**Task requirements:**
Reproduce exactly, and only, the lines below from the one containing "Das Colorful Parrot Wallpaper 1200x1024" through the one containing "Une paire de".

**Study material:**
=======

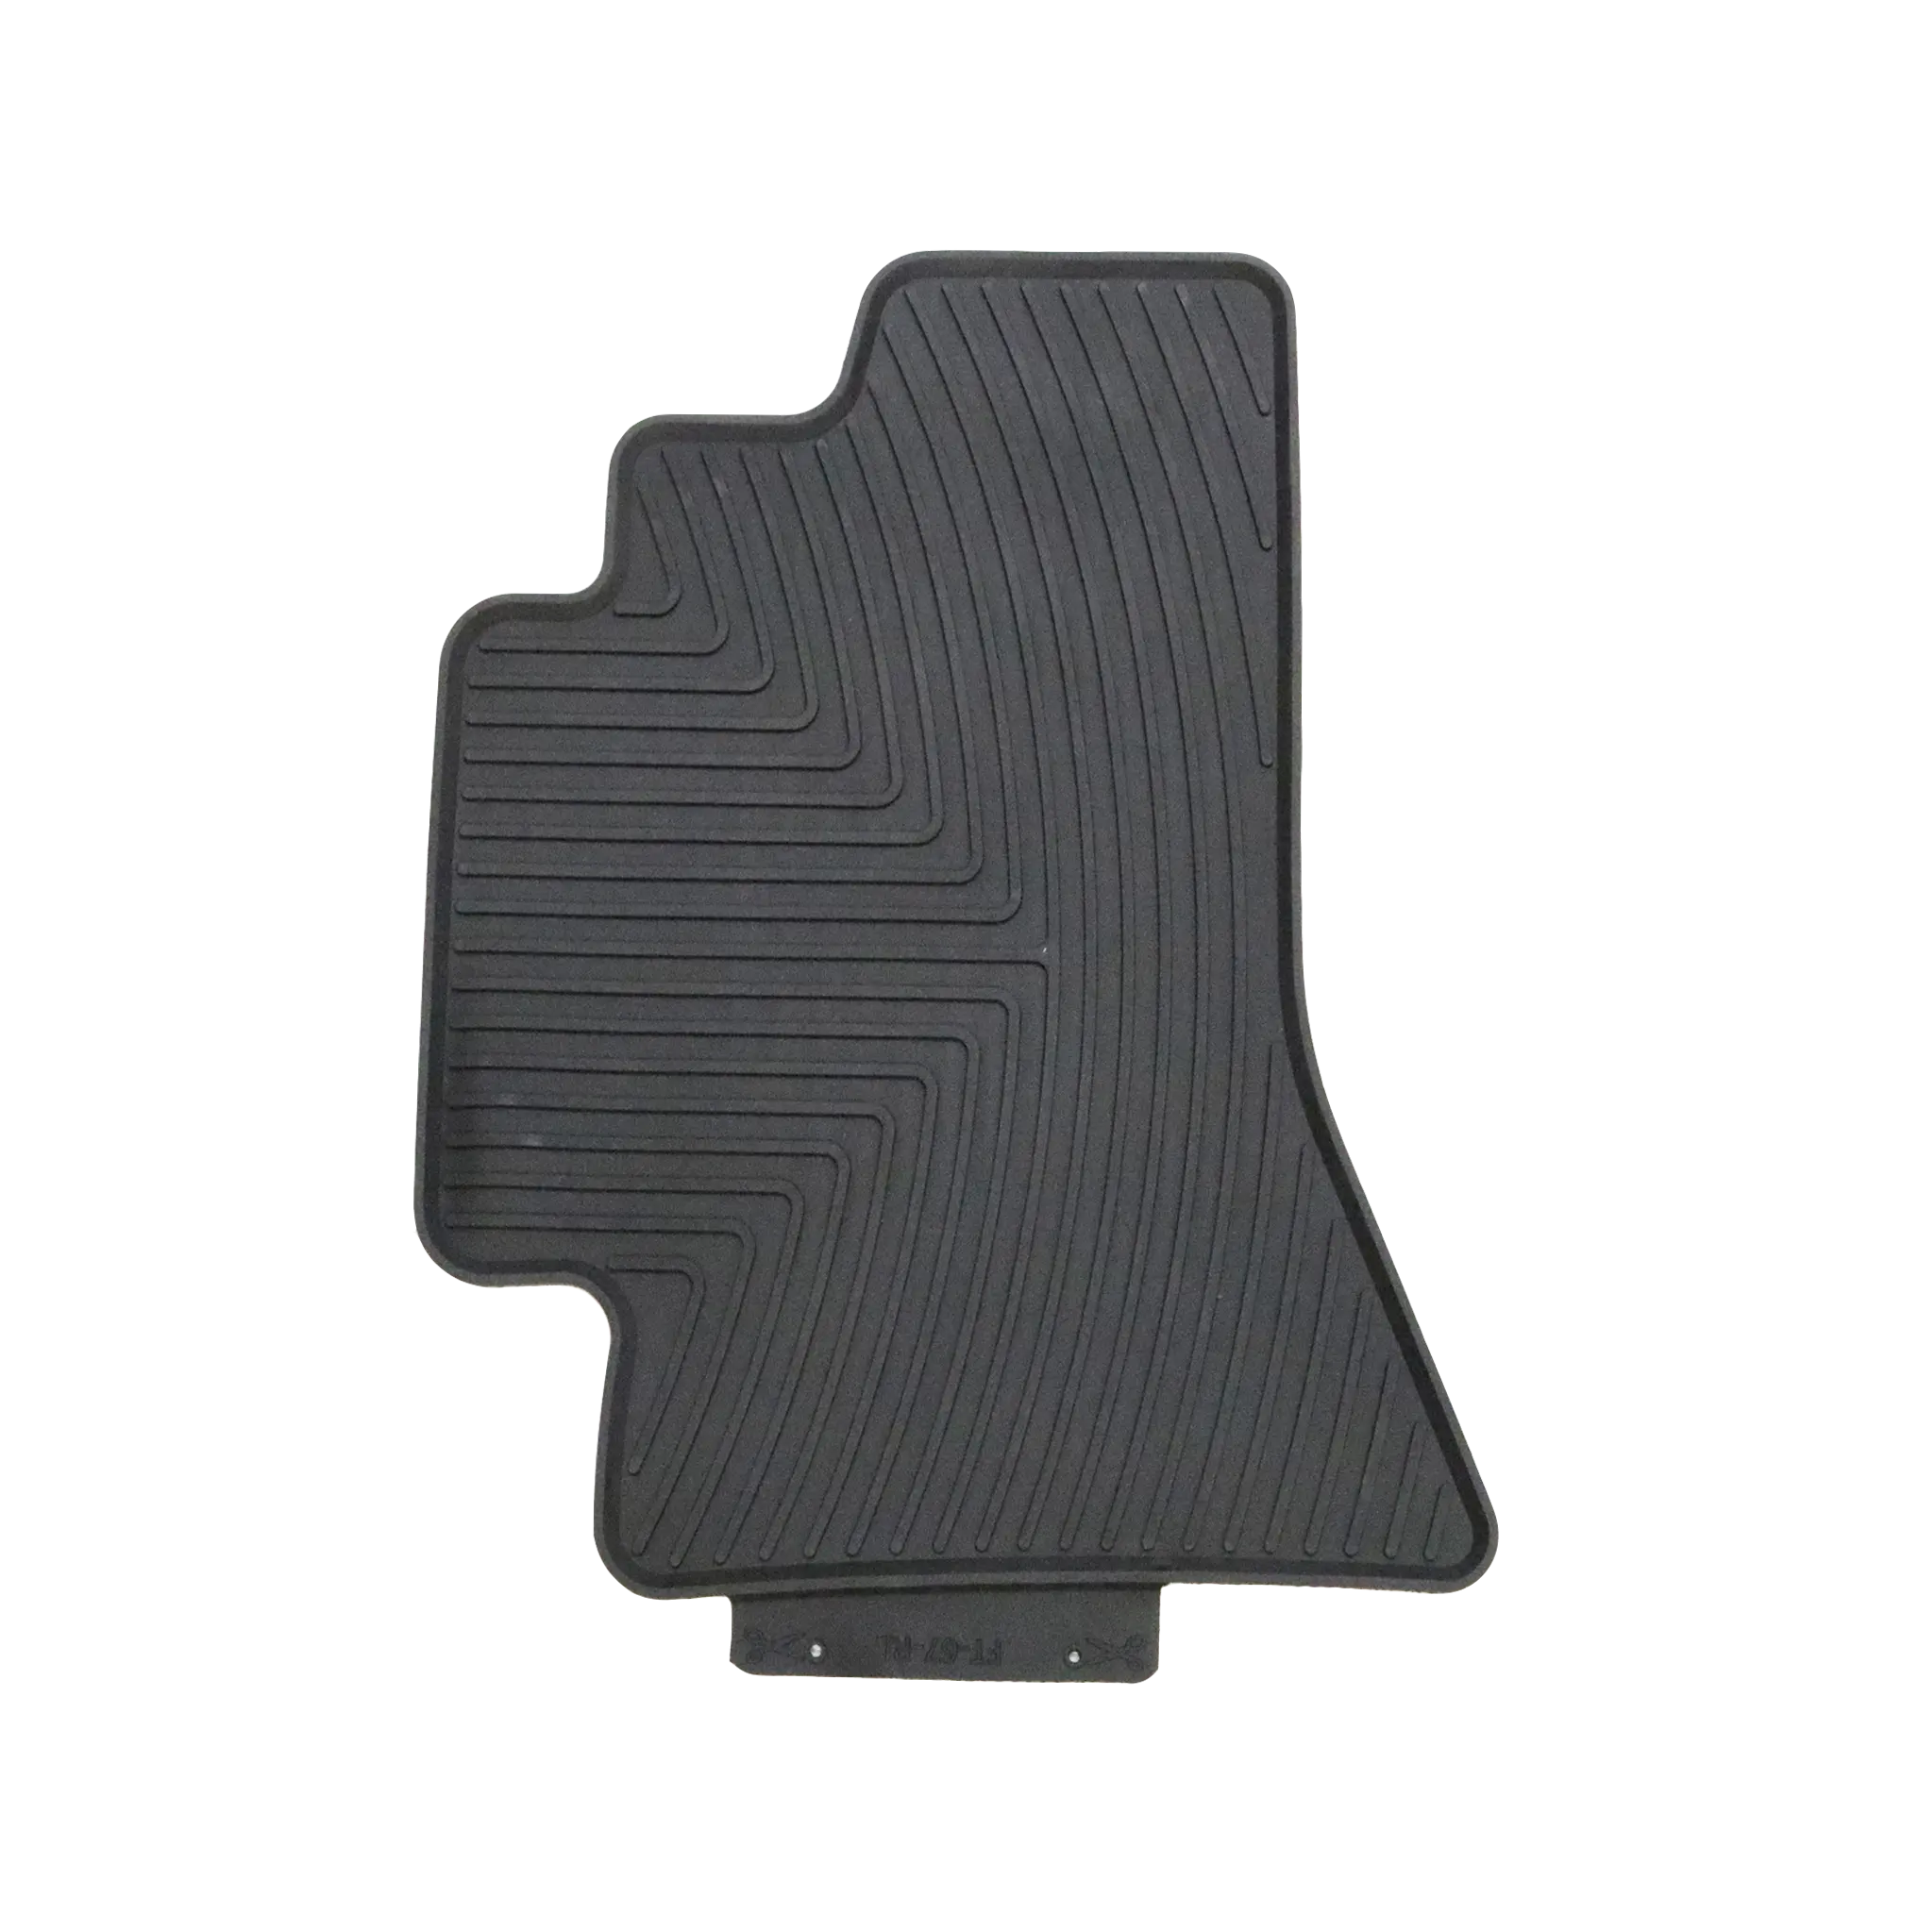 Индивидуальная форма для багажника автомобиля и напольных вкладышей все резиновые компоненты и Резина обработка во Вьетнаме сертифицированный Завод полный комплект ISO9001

=======

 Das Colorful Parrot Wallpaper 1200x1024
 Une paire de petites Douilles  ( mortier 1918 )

=======

**Result:**
 Das Colorful Parrot Wallpaper 1200x1024
 Une paire de petites Douilles  ( mortier 1918 )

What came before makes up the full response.